Before returning the data, strip out the pictures and keep everything else exactly the same.
___ DATA ___
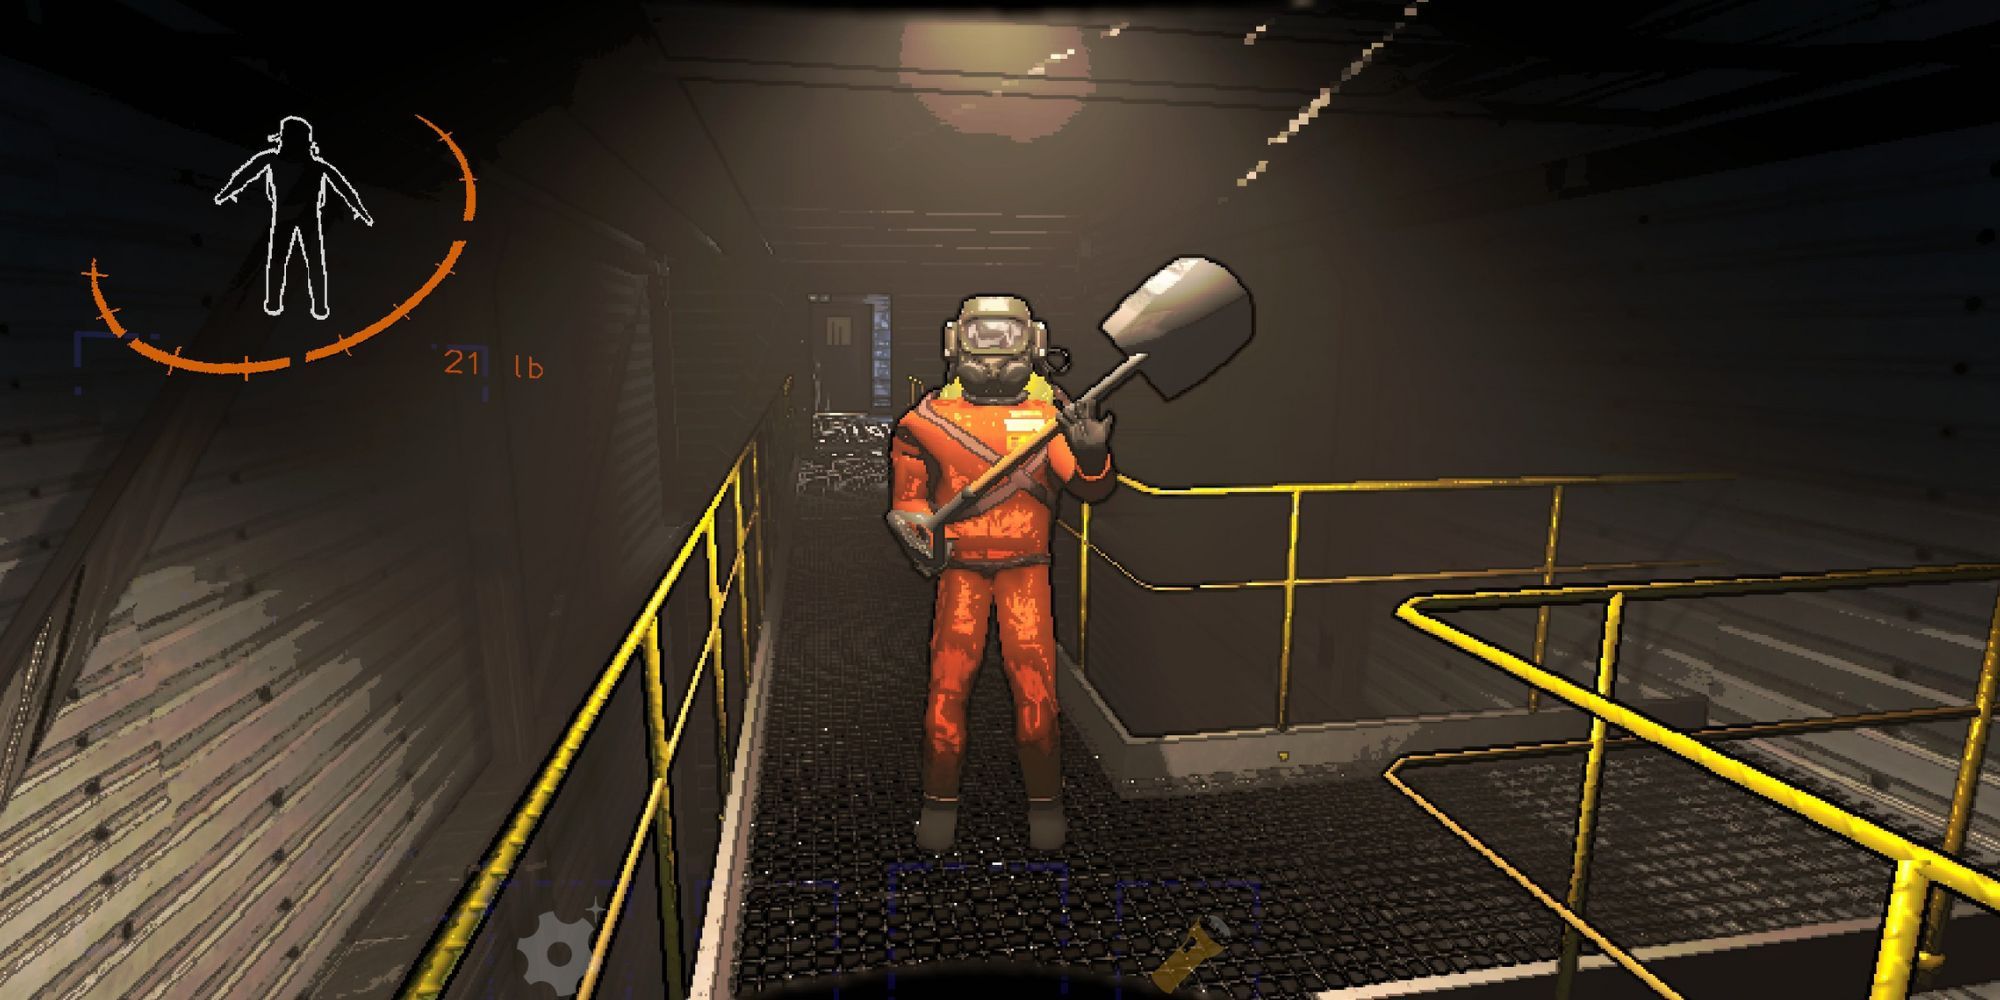 Lethal Company Player holding a shovel
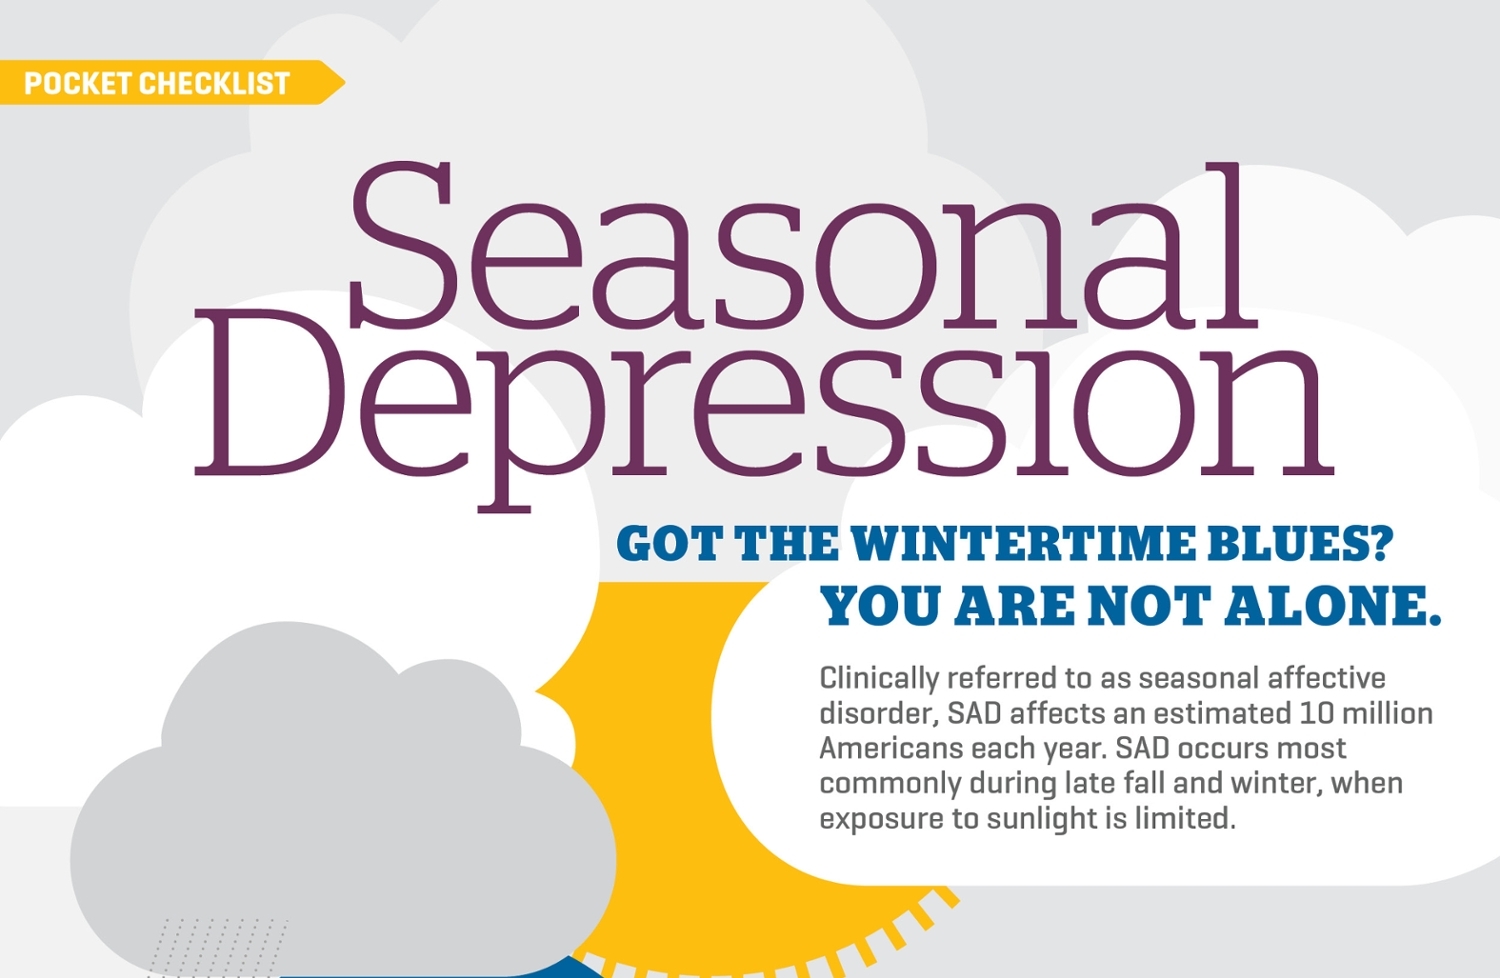 How Can I Manage My Seasonal Depression Disorder Without Medications
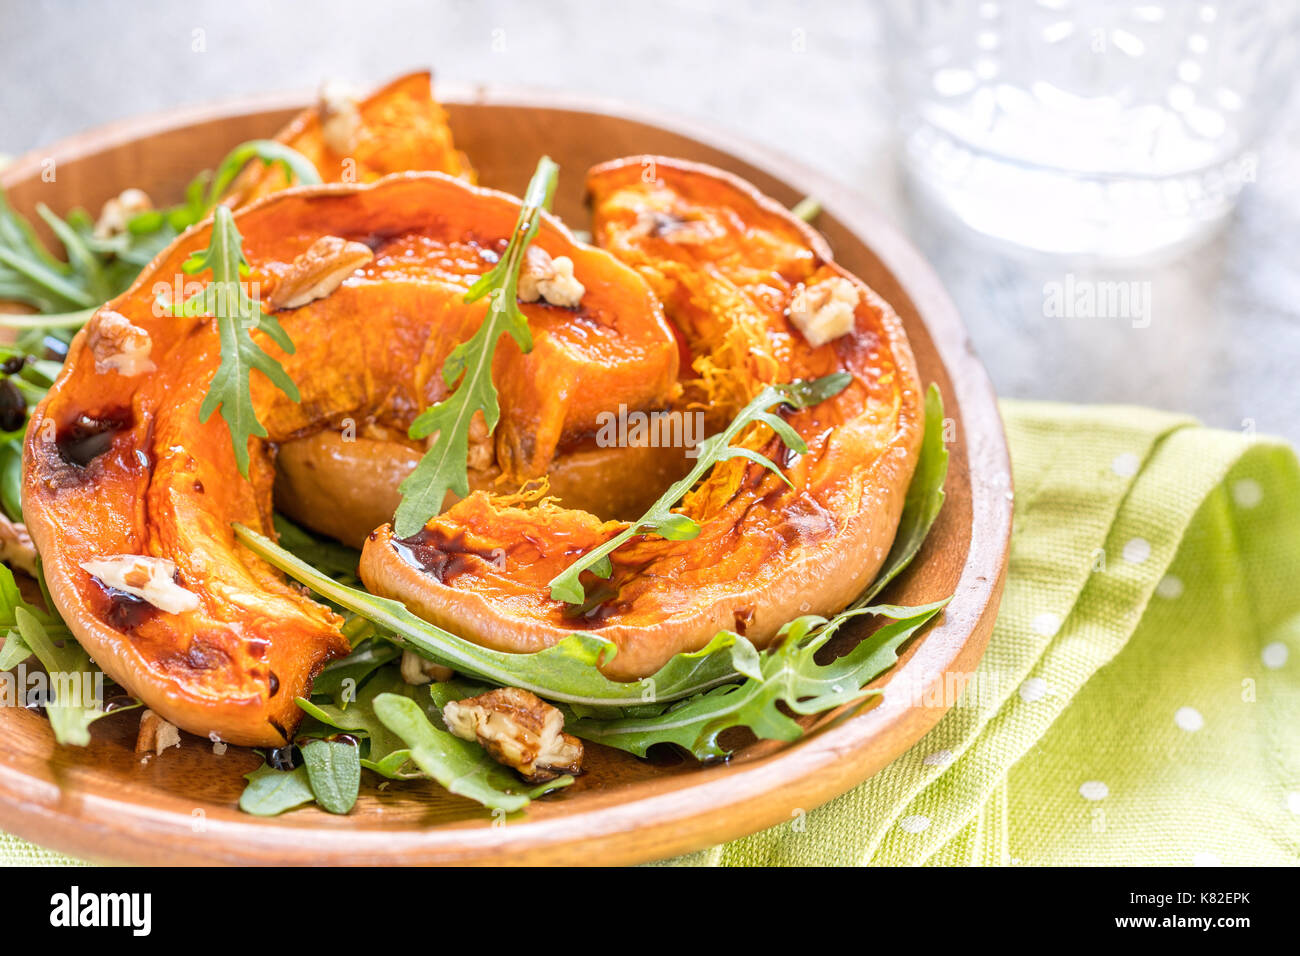 Roasted pumpkin with pecan nuts and arugula. Stock Photo
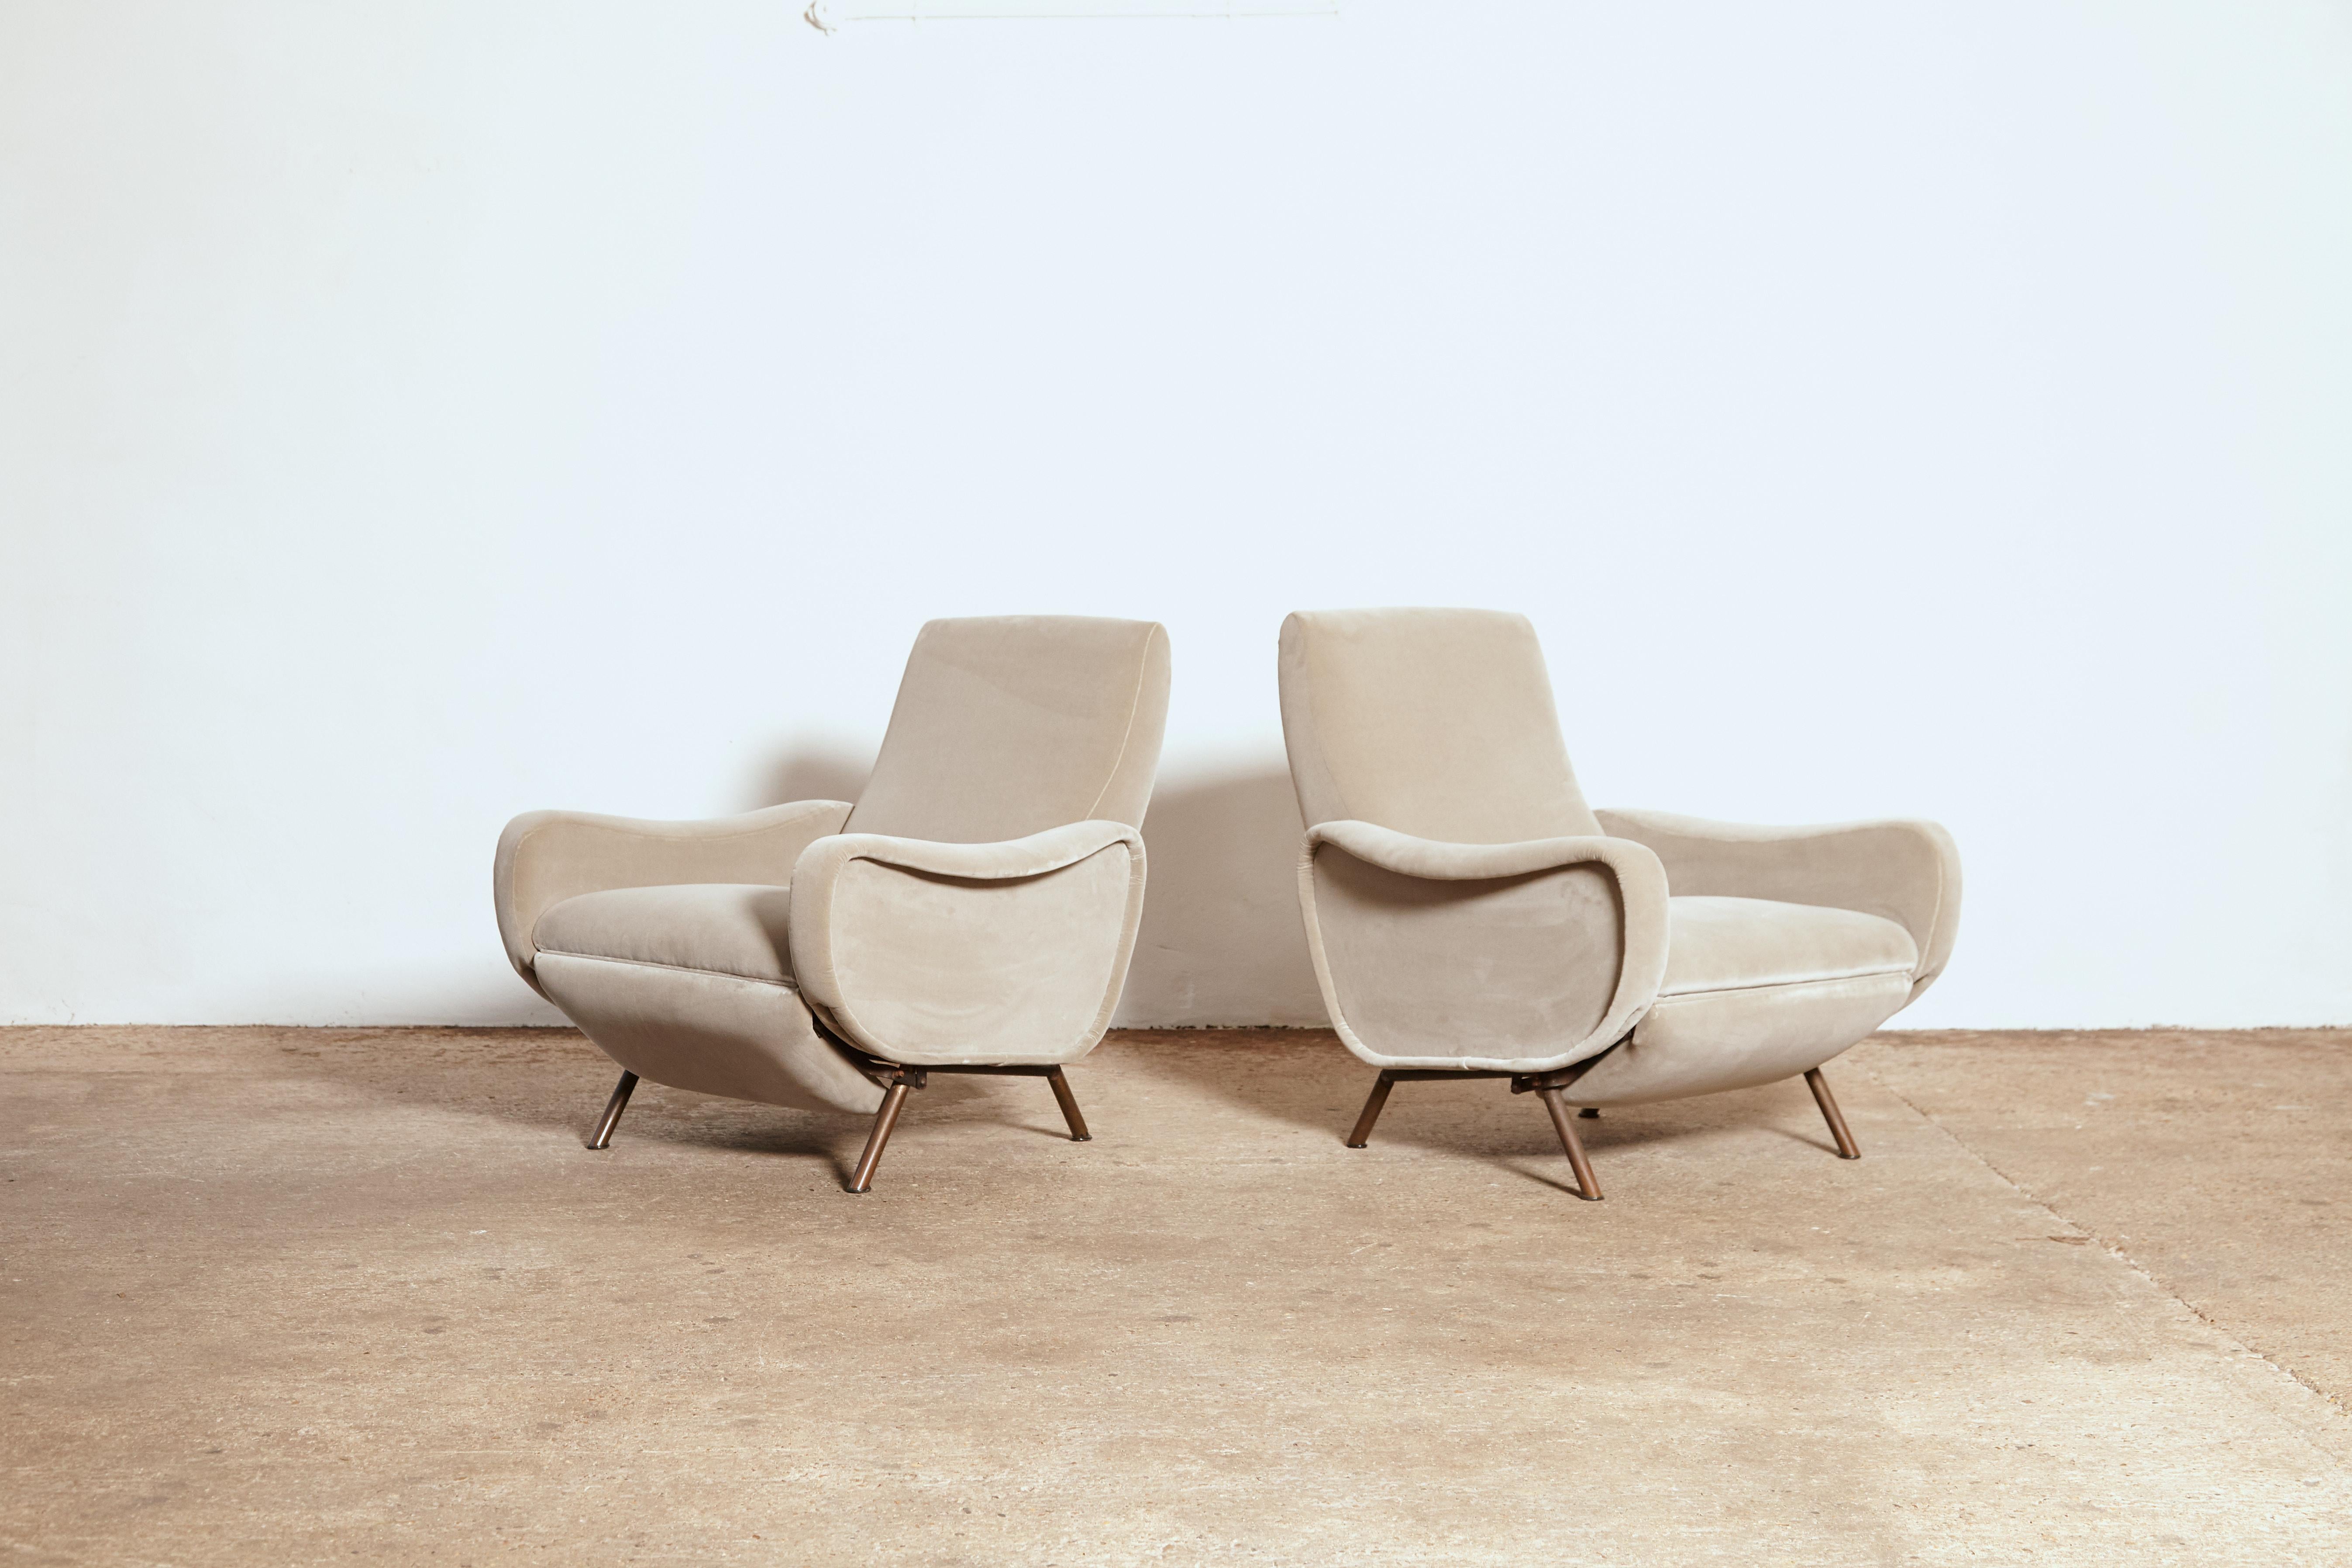 Italian Rare Marco Zanuso Reclining Lady Chairs, Italy, 1960s, reupholstered in COM
___
ANSWER FOR THIS EXERCISE »
 Lethal Company Player holding a shovel
 How Can I Manage My Seasonal Depression Disorder Without Medications
 Roasted pumpkin with pecan nuts and arugula. Stock Photo
 Italian Rare Marco Zanuso Reclining Lady Chairs, Italy, 1960s, reupholstered in COM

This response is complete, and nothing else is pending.